Particularly when our children were little, it annoyed me that he didn’t want to go out and play with us, or to stay very long when he did.
So that he came out to sit on the sand and play in the water on this most recent beach day – or to agree to the trip in the first place – was a gift to me, even if he didn’t package it as such. And my unspoken gift in return was that I recognized it as a gift, instead of feeling irritated when he was done-done.
Finding that ease with each other and seeing those moments as gifts in our relationship took time, prayer, and introspection on my part.
We became one flesh when God united us as husband and wife 22 years ago, but we didn’t automatically or completely lose our individuality, our ego, our selfishness, or anything else that makes us human.
Two becoming one feels a little more complicated than Scripture makes it out to be.
He prefers vanilla ice cream; I prefer chocolate. He likes spontaneity; I’m a planner. He’s an extrovert; I’m an introvert. He loves reruns of Law and Order; I’ve considered selling the TV. We have different parenting styles and faith backgrounds, different skills and different strengths. And even after all this time, we still are learning by the grace of God to use those differences and similarities for good, in partnership with each other, day by day, moment by moment.
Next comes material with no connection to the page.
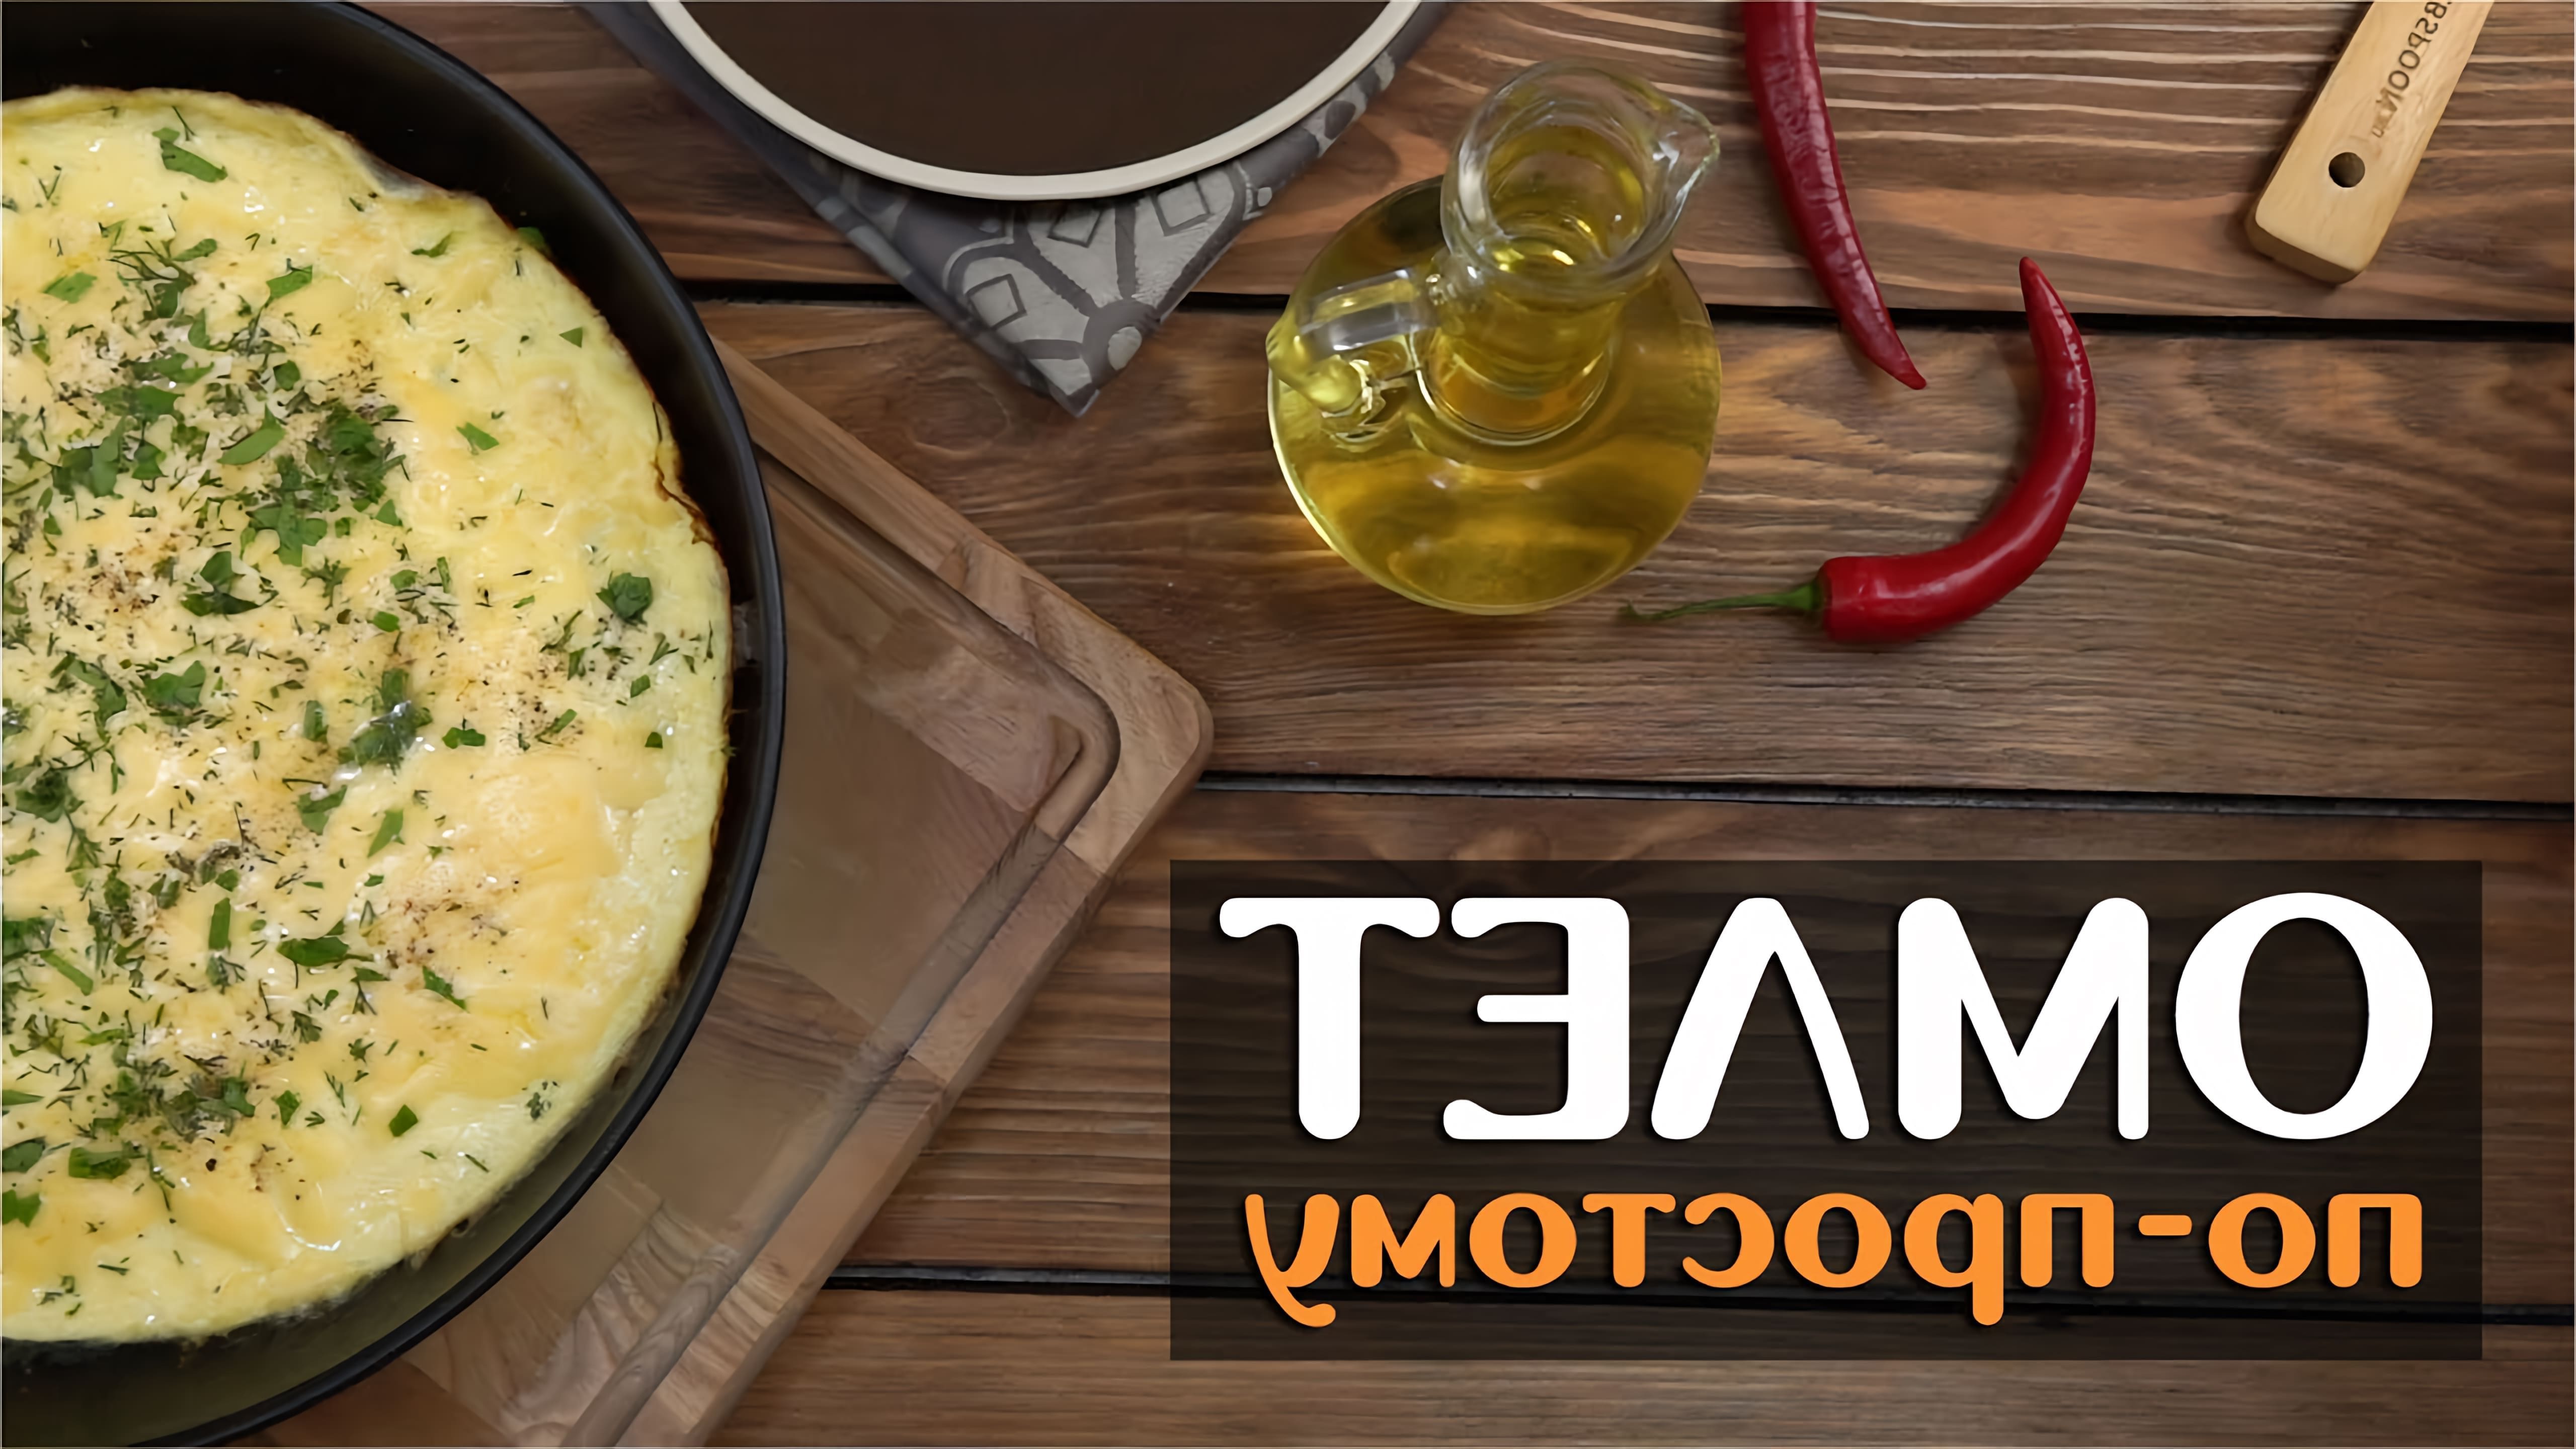 В этом видео-ролике будет показан очень простой и вкусный рецепт приготовления омлета на сковороде с молоком и сыром

We are different, and that’s just as God intended.
Marriage is a process, a bringing together of two individuals.
It’s the eventual, real-life realization that my relationship with my husband is my most important earthly connection. It’s important enough to ask as many babysitters as it takes in order to find one so that we can go on a date. It’s important enough to check with him before committing to an activity with family or friends. It’s important enough to consider his desires at least equally as important as my own.
It’s the knowledge that I cannot always be right and that when I am, I cannot hold onto that win like it’s a trophy. When I don’t get my own way, I cannot simultaneously act like a martyr and pour into our relationship.
It’s the daily battle to sacrifice the self for the whole.
It’s the daily reaffirmation of our commitment, whether spoken or unspoken.
And sometimes, simply, it’s the recognition that it’s time to pack up the beach chairs, because each shared moment, dream, and hope is a gift – even if it doesn’t last all day.